Мамутов долго колебался, понимая, что при директоре "Жаналыка" он будет чем-то вроде тамады. Но Сержанов обещал жилье, - учительская квартира стала тесновата, все же семеро детей да сам Мамутов с женой, - и зарплата секретарская побольше учительской ставки. Тоже не густо, но побольше. Поколебавшись, Мамутов сдался, еще и то принимая в расчет, что не простит Сержанов оскорбления - а любой отказ он считал для себя личным оскорблением, и только так, - не простит и отыщет способ выместить обиду.

Согласился. Жалел ли потом? Некогда было жалеть. Закрутила текучка. То одно, то другое, то просьба, то поручение, а Мамутов был человеком исполнительным и добросовестным.

Вошла хозяйка. Внесла блюдо, а на нем дымилась малиново-желтая, сверкающая маслеными боками курица, только-только из котла.

- Не гневайтесь на хозяйку, дорогой Ержан-ага! - повинилась женщина, опустив блюдо на кошму у ног Сержанова. - Руки у меня не быстрые, хоть и торопила их.

"Хороша пеструха! - глянул аппетитно на блюдо Сержанов. - Однако все же не барашек".

- Прости, келин! - сдерживая все еще кипевшую в душе злость, сказал Сержанов. - Не до угощения мне сегодня. Времени в обрез. В другой раз как-нибудь. Прости уж…
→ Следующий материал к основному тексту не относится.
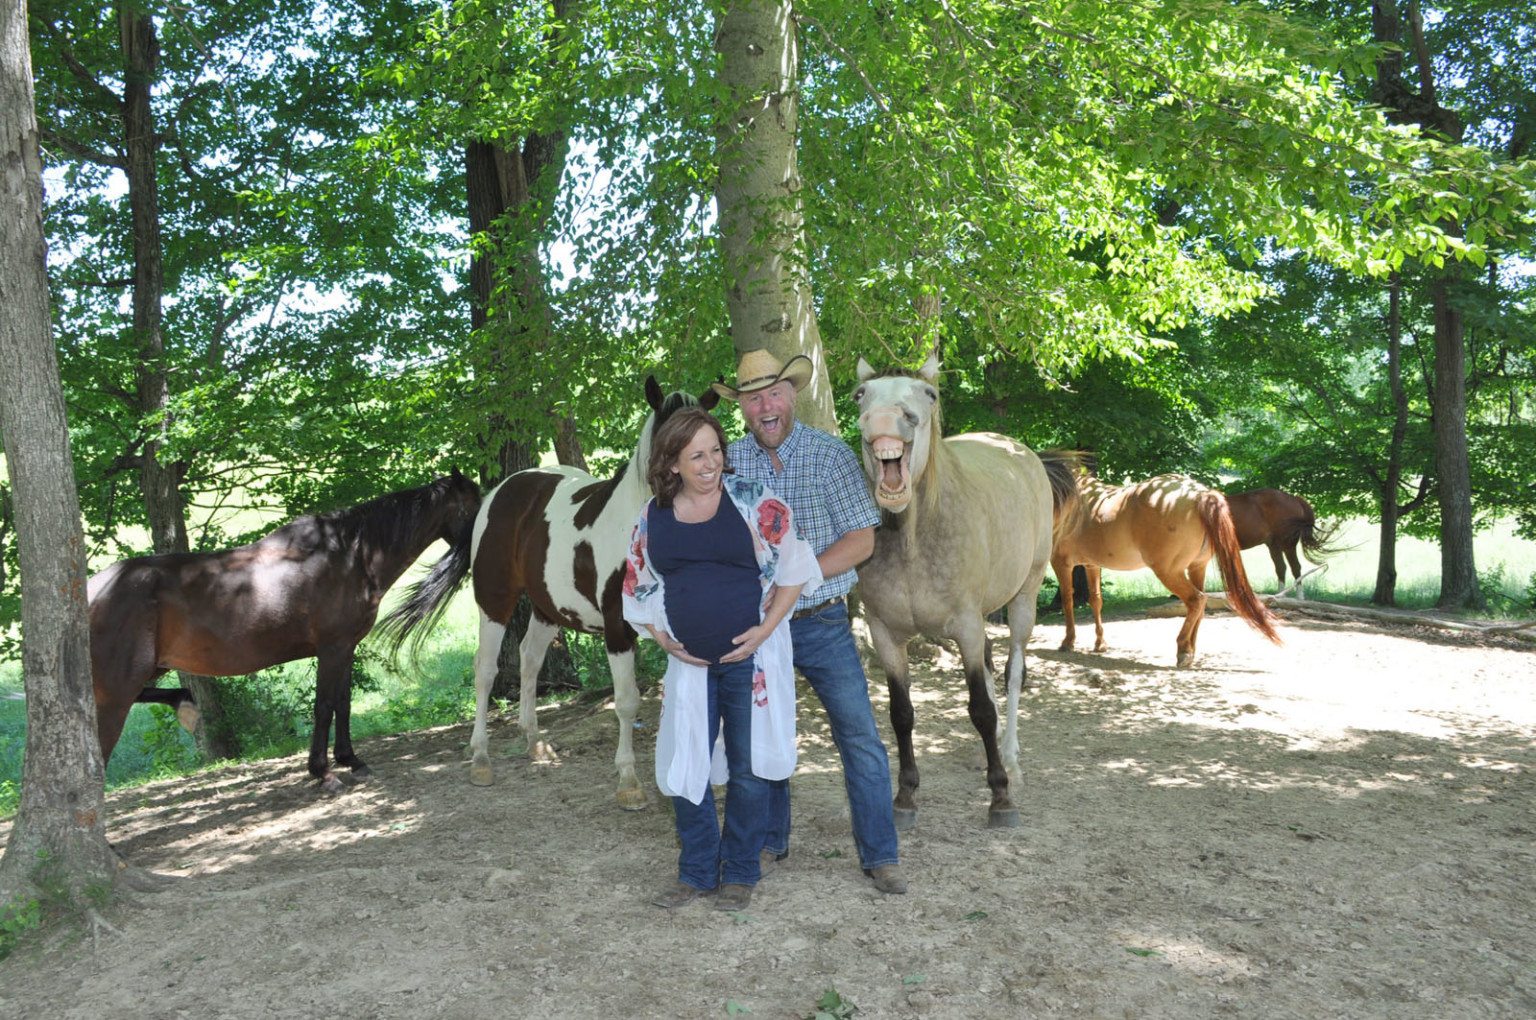 ▲▼搶鏡的馬。(圖/翻攝自Facebook/Photography By Kristen)

Он встал. И когда выпрямился во весь свой рост, то едва не уперся головой в потолок. Не для Сержанова был этот дом. Маленьким людям здесь жить.

Не оглядываясь, пошел к двери. Мамутову бросил через плечо:

- Разговор пусть здесь останется.

- Язык проглочу, - шутил Мамутов или серьезно - не разберешь.

- Не глотай язык. Он тебе еще пригодится.

В тот же день и почти в то же время на другом конце аула входил в чужую дверь и Даулетов. Он явился к старому Худайбергену и принят был, как велит обычай, вежливо, но не более того.

- Высокий гость - честь для хозяина, - сказал Худайбер-ген, но не приметил Жаксылык, чтобы старик особенно гордился этой честью.

- Уважаемый Худайберген, не называйте, пожалуйста, гостем того, кто пришел одалживаться.

- Да, да, - кивнул старик. - Понимаю. Сам приехал, жену еще не перевез. Один без хозяйки. Муки? Соли? Чаю?

- Нет, нет. Мне бы мозгов, - Даулетов улыбнулся. - Хотел занять у вас, аксакал, ума-разума. Знания ваши мне нужны. Вы один из старейшин, кто лучше сможет рассказать об ауле, о людях, о совхозе.

Даулетов вежливо поклонился, считая, что теперь очередь Худайбергена. Но старик молчал, понуждая Жаксылыка продолжать разговор самому. Хуже нет, если приходится говорить, когда надо бы уже слушать. Тут того и гляди скажешь какую-нибудь чушь. Но делать нечего, и Даулетову пришлось продолжать.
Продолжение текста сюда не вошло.